━━ DATA EXTRACT ━━
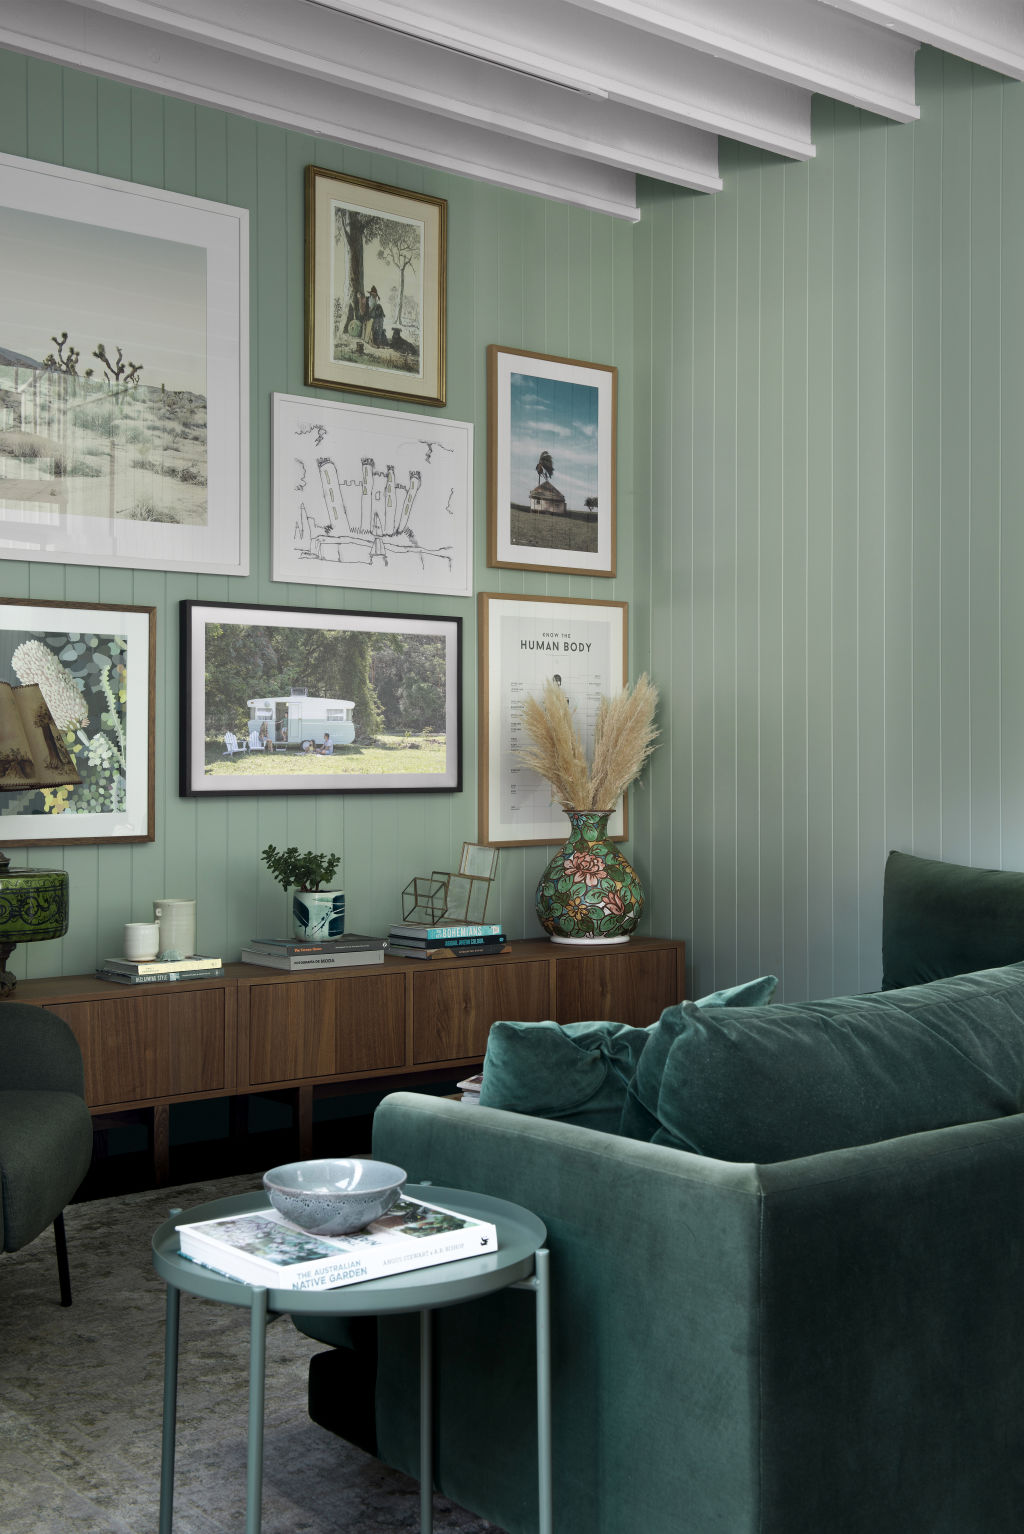 Carlene loves green, having decorated her own home in the calming hue. Photo: Mindi Cooke
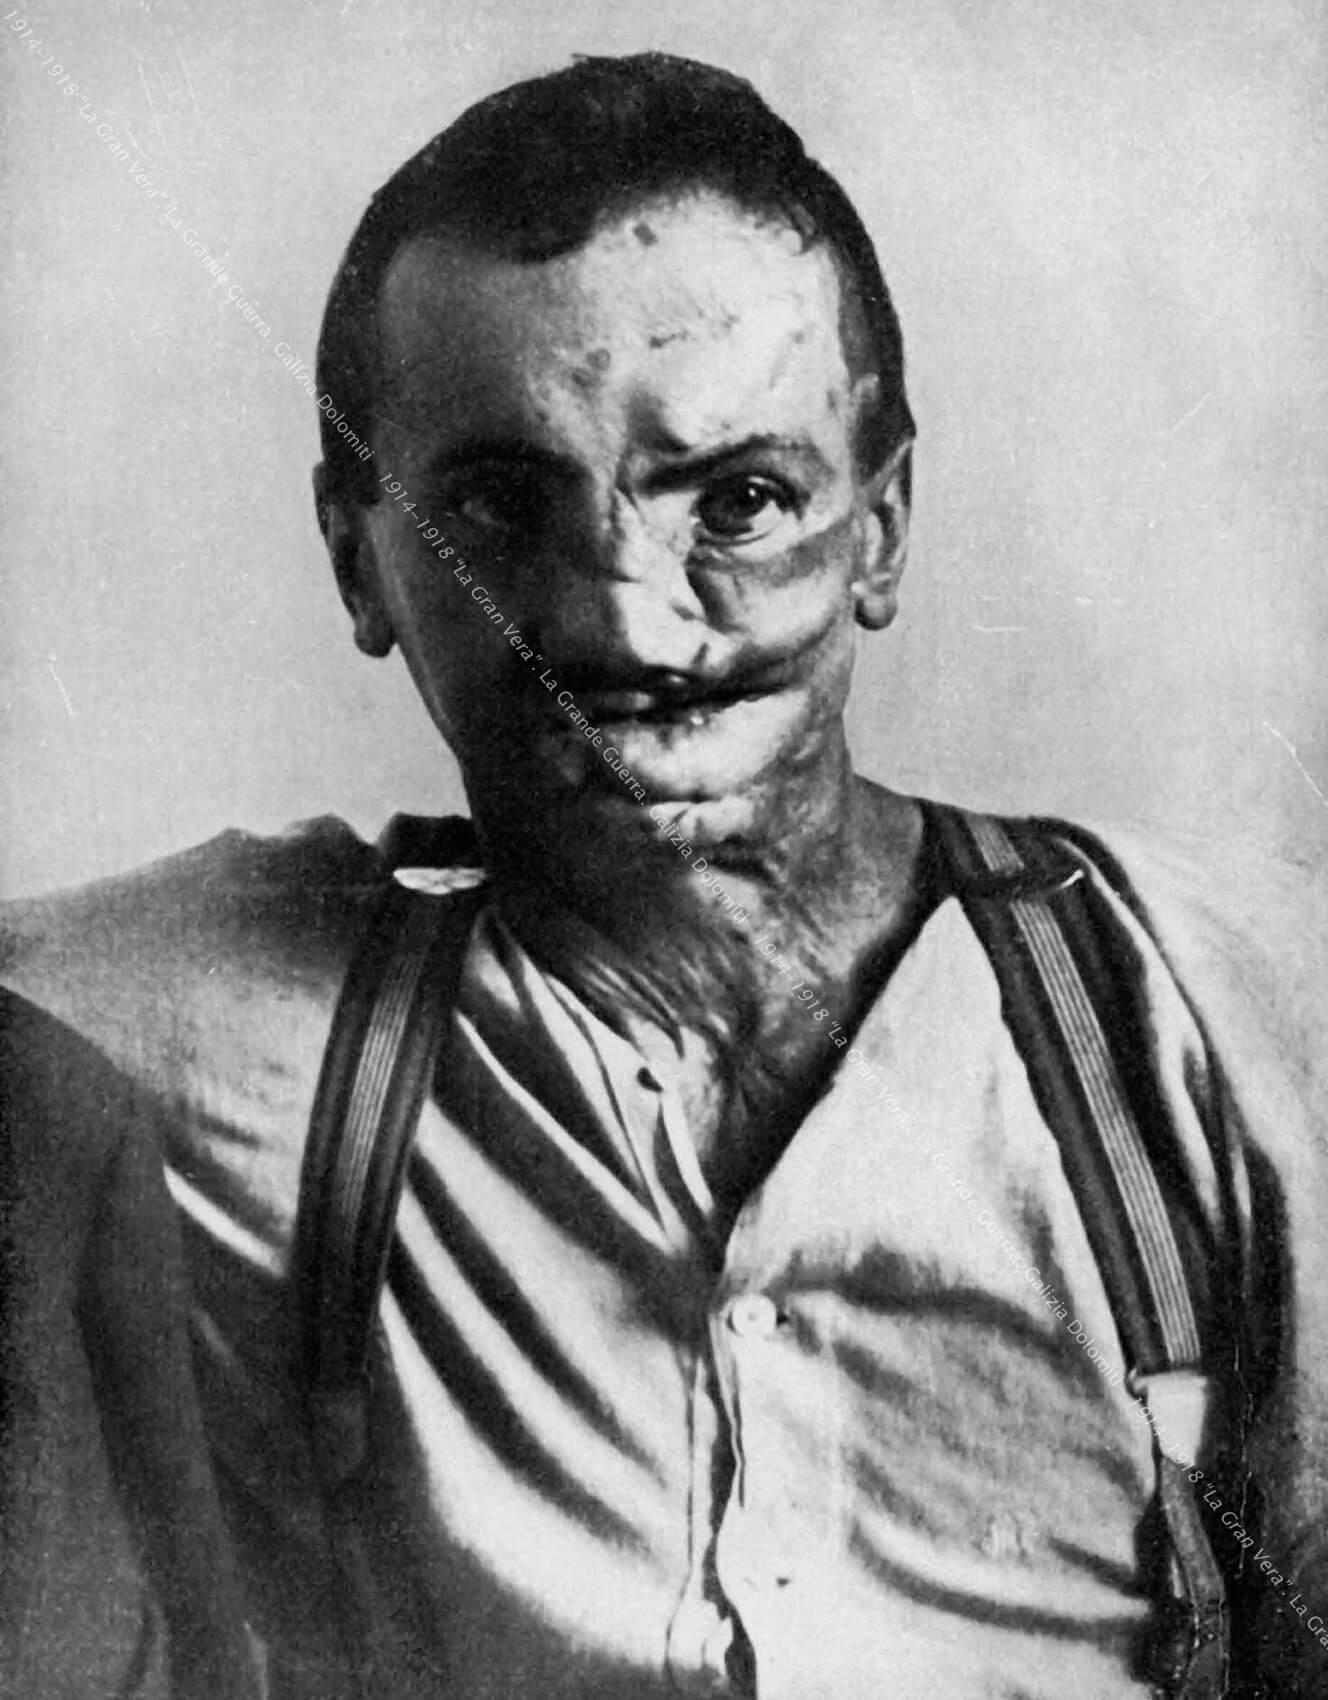 A 25-year-old peasant, wounded by grenade shards in 1916
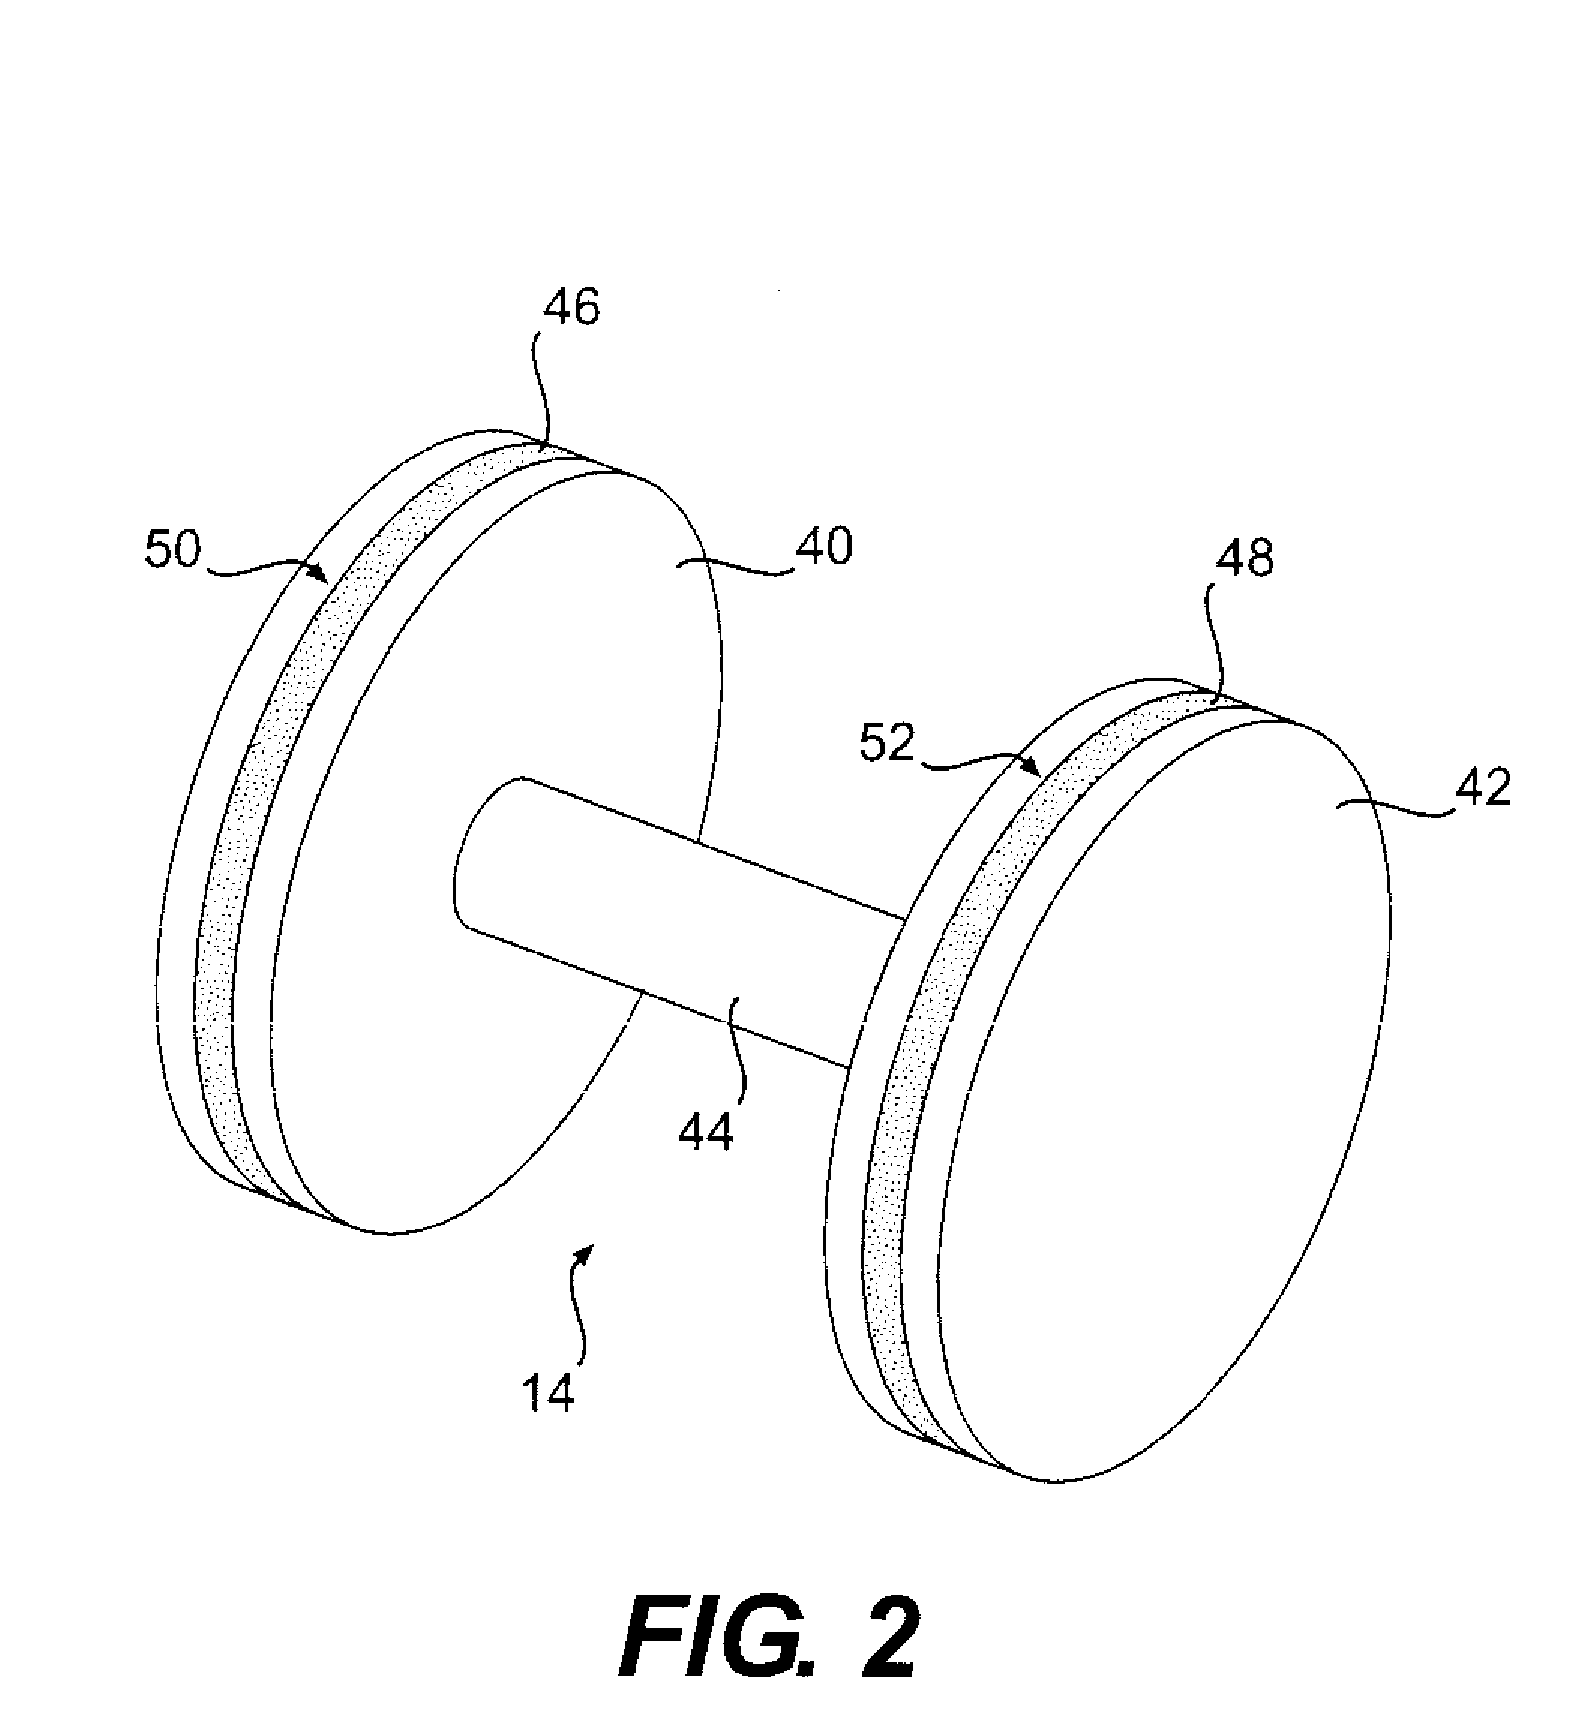 Open loop heat pipe radiator having a free-piston for wiping condensed working fluid
━━━
→ ACTIVITY:
What is needed is a verbatim copy of the lines running from the one with "A 25-year-old peasant, wounded" through the last line of the listing above, excluding any pictures.

→ ANSWER SPACE:
 A 25-year-old peasant, wounded by grenade shards in 1916
 Open loop heat pipe radiator having a free-piston for wiping condensed working fluid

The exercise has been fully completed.